Whining versus angst
Corry L. Lee, Alma Alexander, Elizabeth Guizetti, Stephanie Weippert, Anna Sheehan
  • Why do characters come from?
    • sometimes they leap out
    • characters take quite a bit of work. 
    • given the plot of my book, what’s a character that’s going to be interesting if they go through a change that mirrors the plot of the book?
  • If you have a character that says “here I am”, and then you have to write a story, what do you do?
    • Elizabeth: I need to start with a plot, their occupation, and their gender. once I have that, the rest jumps out. I’ve very plot driven, not character driven.
    • Alma: I wrote down character sketches (~5 lines) for nine different characters, then started writing. No idea of what the plot is.
    • Stephanie: I start with a starting scene. I imagine a woman driving in a stormy night. Then ask, why is she doing that? And it turns out she’s lost her job, and her boyfriend, and her apartment complex is being torn down. 
  • If you have a character where everything is going wrong, how do you keep them from being whiny?
    • Anna: I have a very passive character, who is that way because of emotional abuse.
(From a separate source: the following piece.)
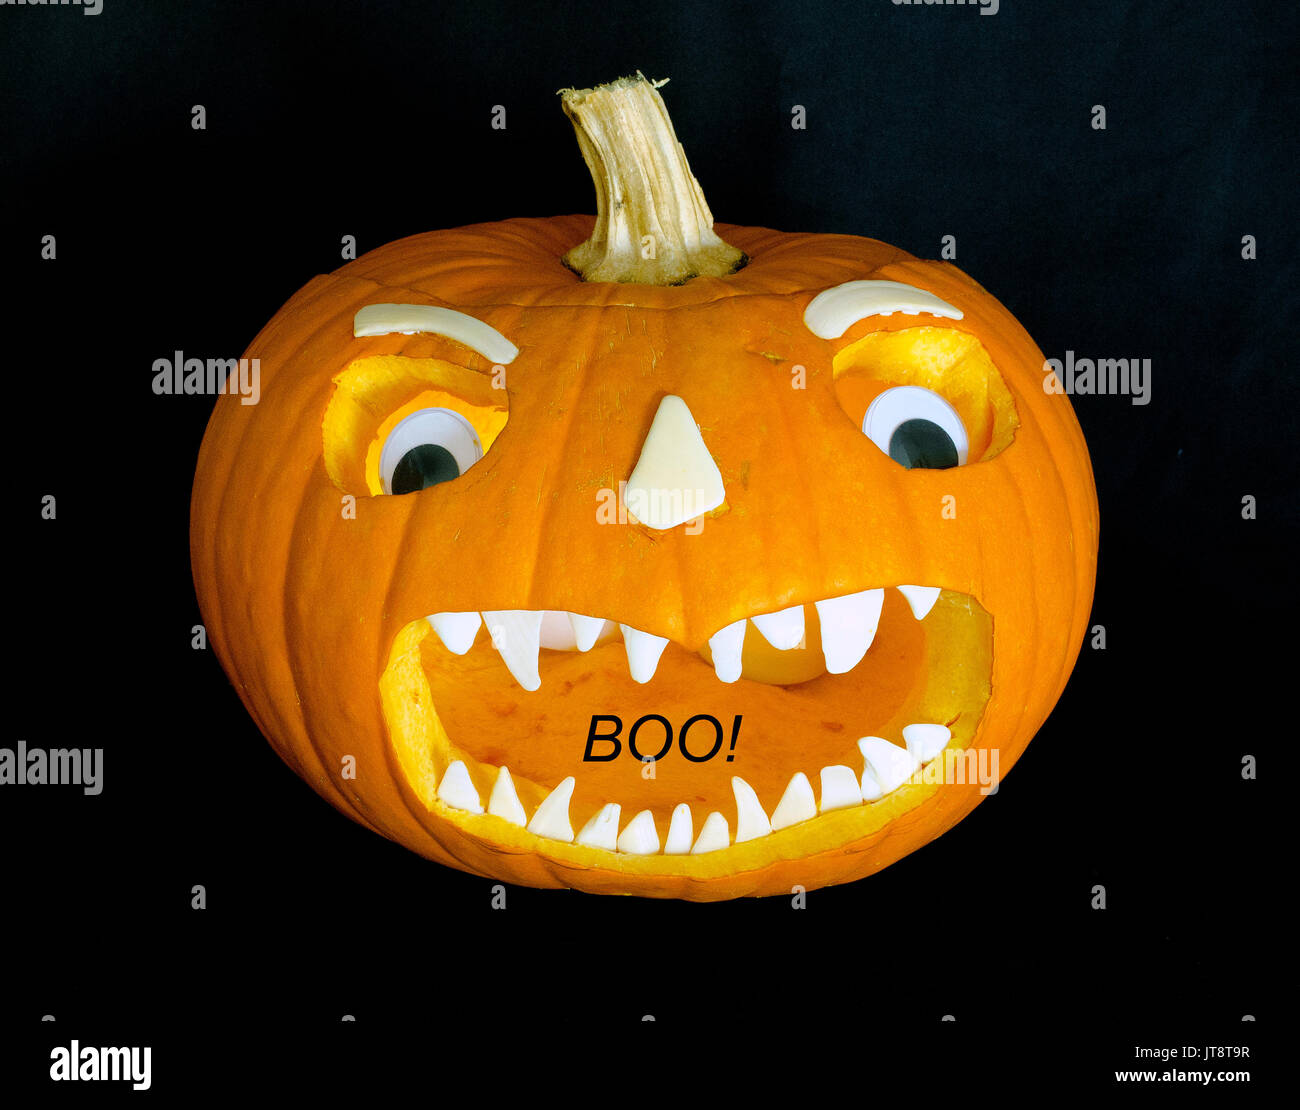 This scary Jack-o'-lantern face that was cut into a hollowed-out orange pumpkin was enhanced with sun-bleached white seashells for teeth, nose and eyebrows, plus a pair of plastic toy eyes. (The black 'BOO!' was added digitally to the image.) Carving jack-o'-lanterns is a tradition for Halloween, which evolved from All Hallows' Eve and continues to be celebrated annually on October 31. Stock Photo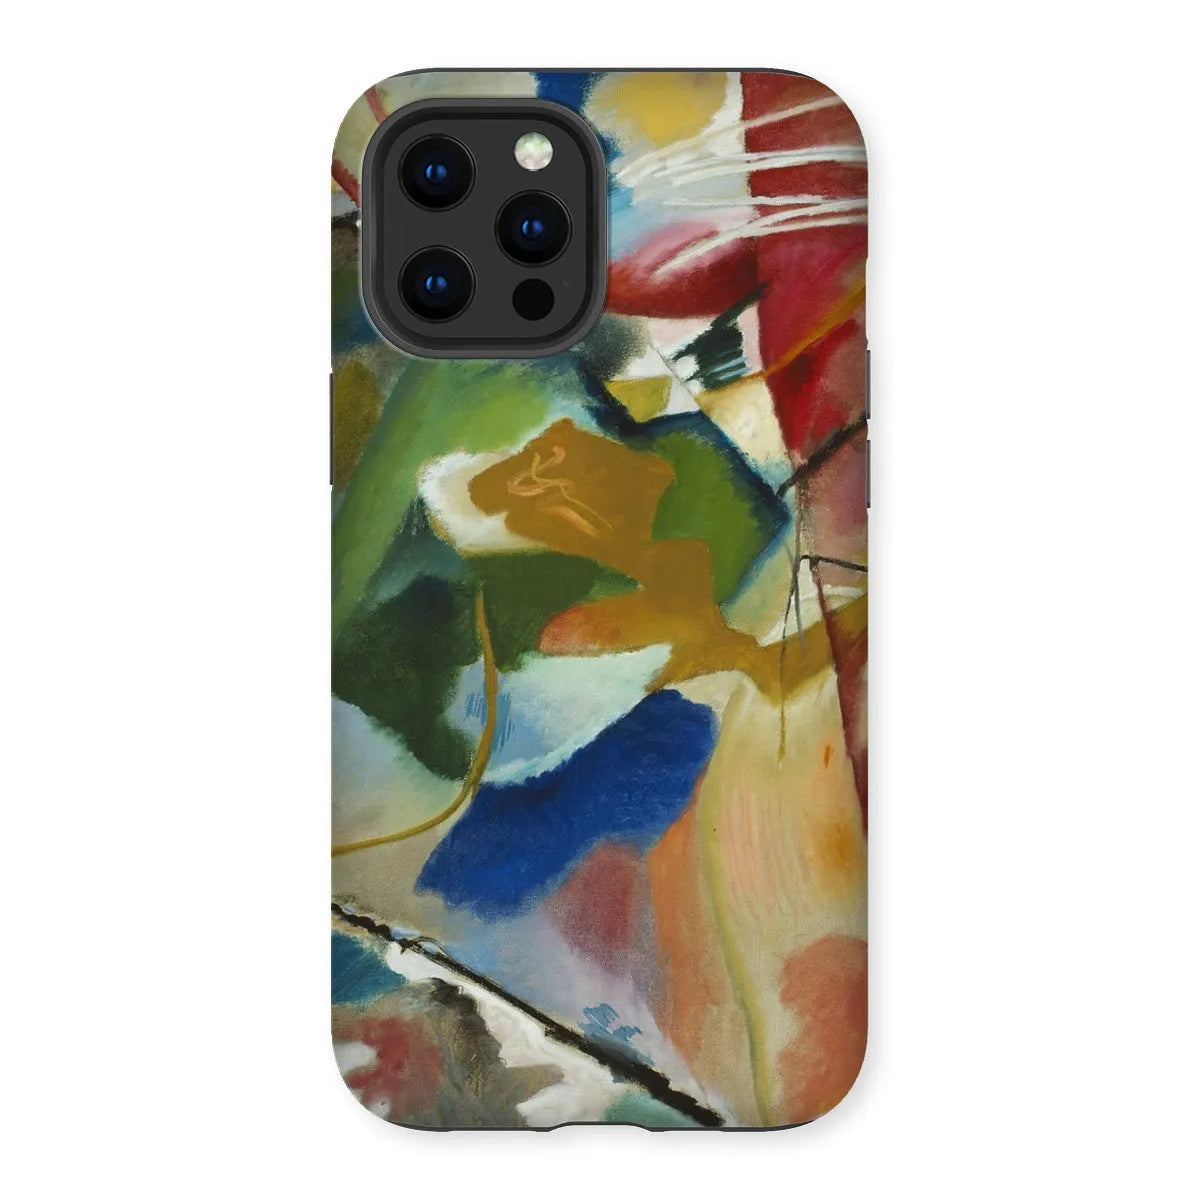 Painting With Green Center Art Phone Case - Wassily Kandinsky - Iphone 12 Pro Max / Matte - Mobile Phone Cases

The trick to get away with it is to make it an unreliable first-person narrator. 
    • Stephanie: 
      • anger to overcome whiny
    • Alma: 
    • Elizabeth: Most of the characters I write about have real problems. If they whine a little bit, the reader understands that’s acceptable. But I also go to action: the character does something.
    • Corry: If you have somebody who is cycling on something in their past, they can’t just loop on the same thing, and say the same thing: e.g. “i lost my job. it sucks that I lost my job. i can’t believe i lost my job.” it’s time to progress: “oh, maybe i lost my job because i came to work with a mohawk.” or go into action.
  • What about action characters? If you have a really active characters, how does that balance out? (e.g. how do you write a two-dimensional action here?)
    • Elizabeth: they have to have real problems. they need to have personalities, likes and dislikes, friends. This rounds them out.
    • Anna: Has a character who is wildly angry, whose impulse is always to hit first. But need to keep him from being one dimensional. So he fights this anger. It has a background: he was institutionalized as a child. And it causes him problems.
    • Corry: Their personality needs to build with the world and intensify the story. Otherwise it is just tacked on.
  • Questions
    • What about secondary characters?
      • Corry: 
        • I like to look at the main characters. These are aspects of my main characters. Now how can I flip that aspect, and give it to a secondary character. Now each character and the aspects itself is more interesting.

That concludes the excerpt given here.